California has seen a surge in homelessness in the years since Covid and is home to 180,000 homeless people, roughly one third of the nation’s total homeless population. Newsom called on California officials to “act with urgency to address dangerous encampments,” in a post on X. “No more excuses. We’ve provided the time. We’ve provided the funds. Now it’s time for locals to do their job,” he wrote. Newsom’s administration has made homelessness a key issue on its agenda. Earlier this year, he pushed for a ballot measure to allow the state to borrow $6.4 billion to build 4,350 housing units.

Some were quick to mock Newsom on social media, dubbing his move a political stunt.

Elisenne Stoller

Axed-ios

Axios announced in an email to staff this week that they are laying off 10 percent of their workforce — and to add insult to injury, the announcement was stylized like one of their editorial products.

Why it matters: We’re eliminating about 50 positions to get ahead of tectonic shifts in the media, technology, and reader needs/habits,” the email read. The canned staffers were also informed via email rather than in an in-person meeting, which Axios claimed was for logistical reasons.
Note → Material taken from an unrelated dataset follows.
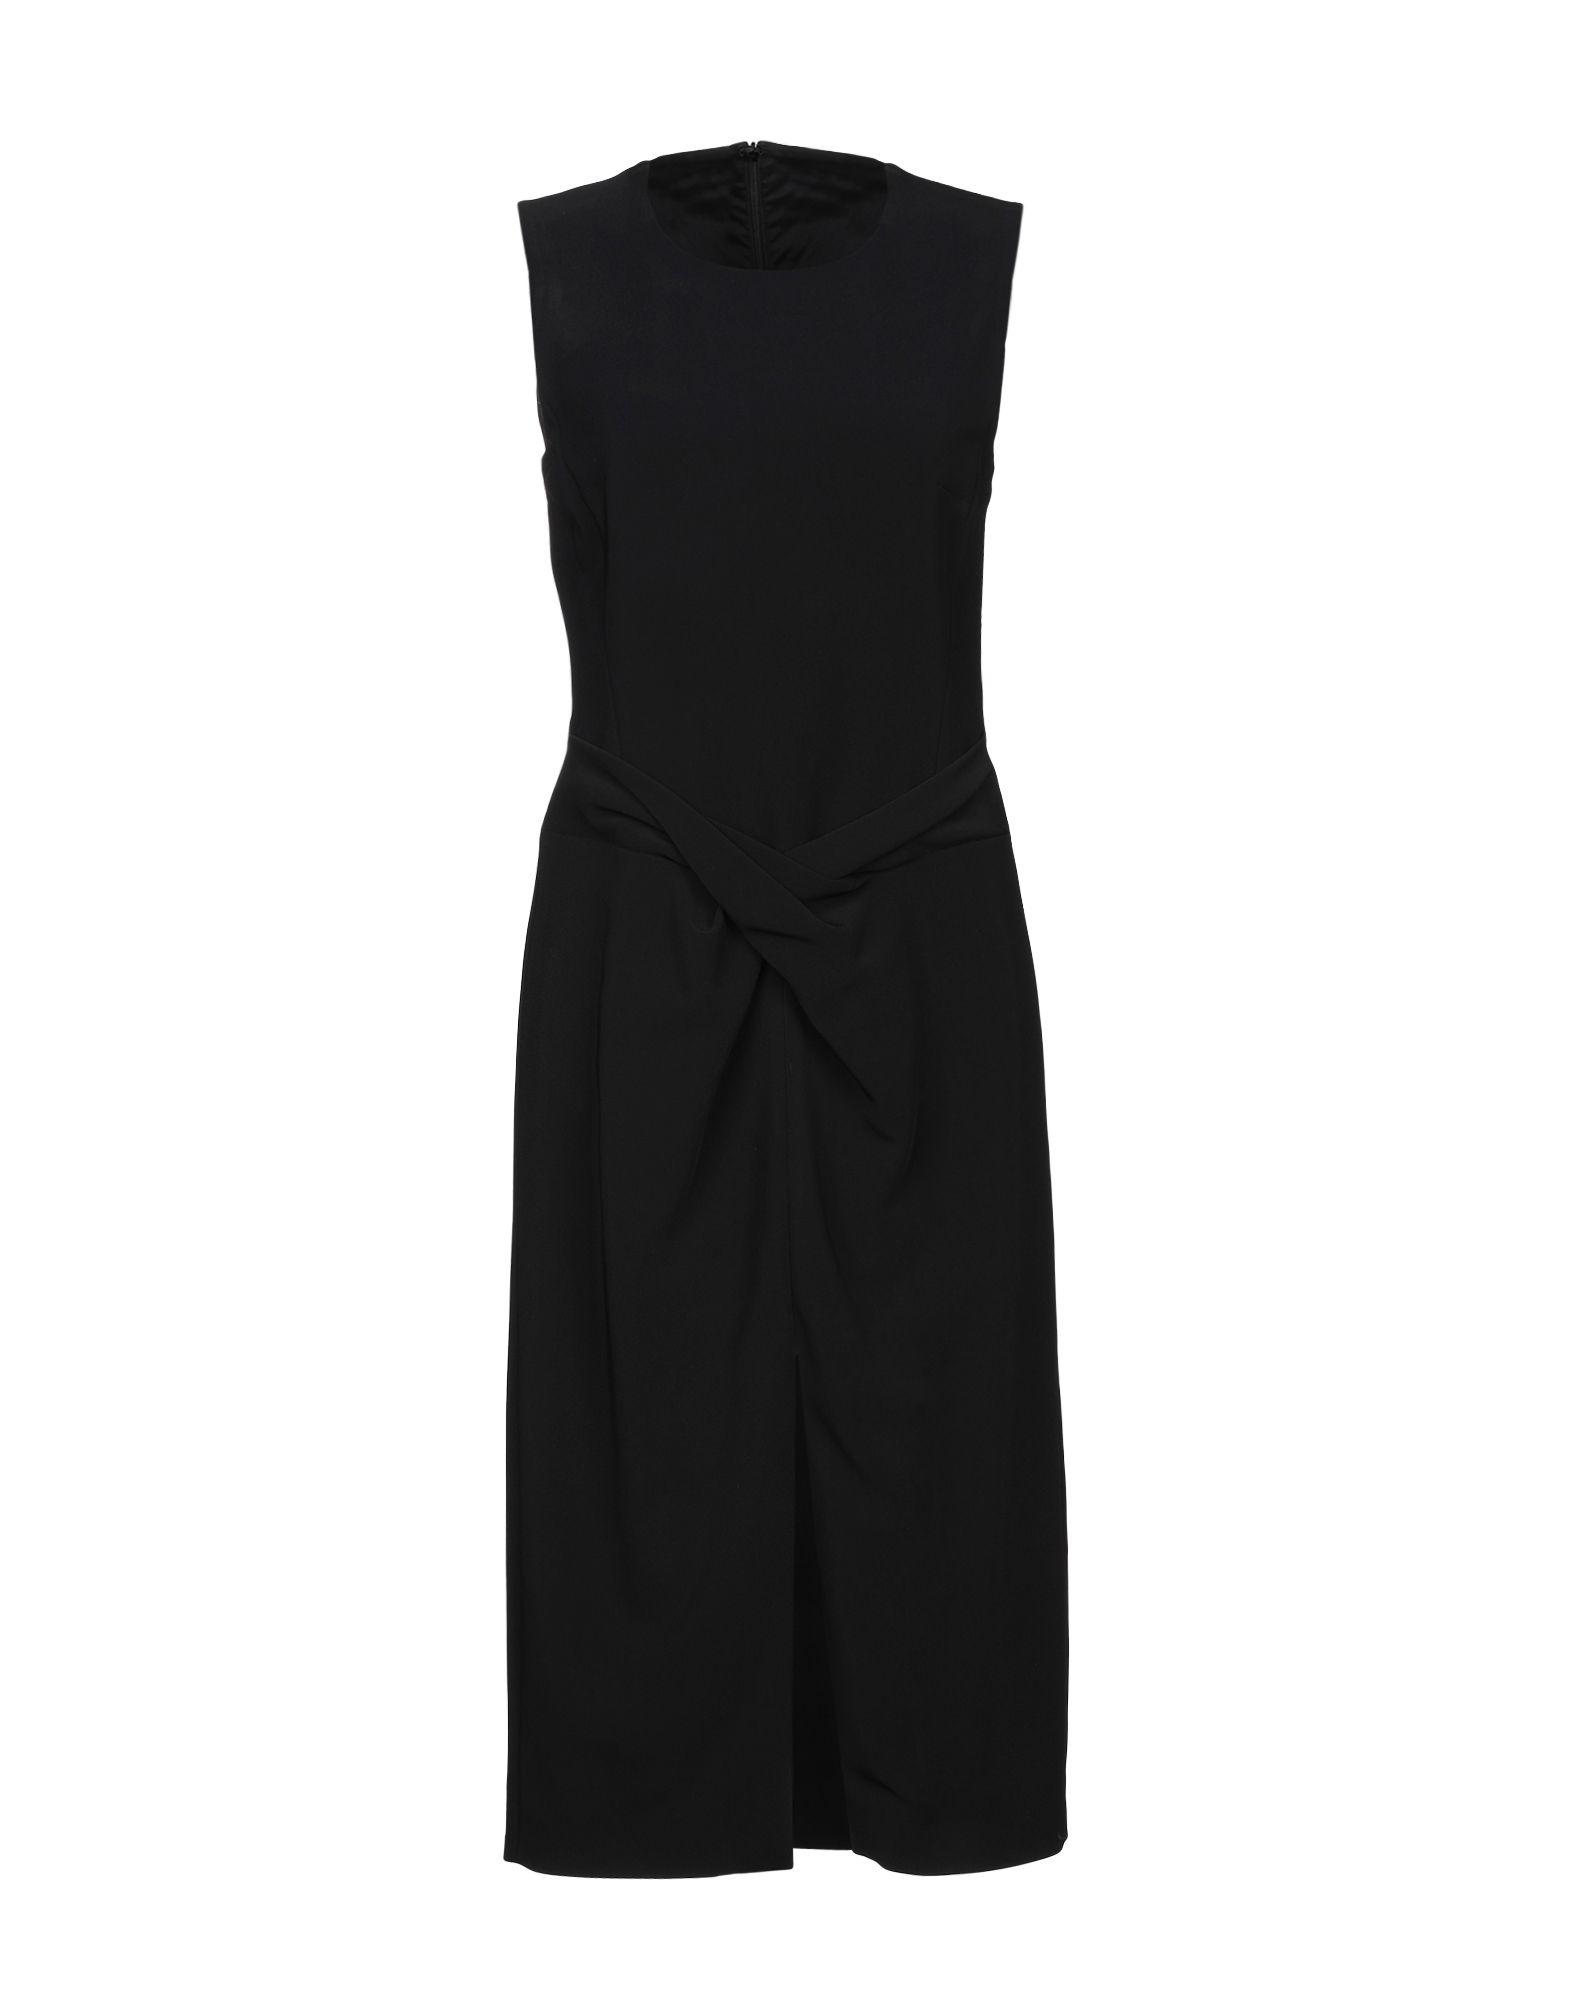 Фото - MICHAEL KORS COLLECTION Платье до колена michael kors collection платье до колена

It gets worse. A spy tells Cockburn that the laid-off workers were summarily frog-marched out of the media company’s northern Virginia building Thursday by security. Remaining Axios employees chattered on their way up the building elevator post-lunch that they ought to hurry back to their desks “before we get in trouble.”

The big picture:Axios isn’t the first media outlet to lay employees off this year, but they certainly didn’t learn anything from their bedfellows about how to respectfully treat departing staff.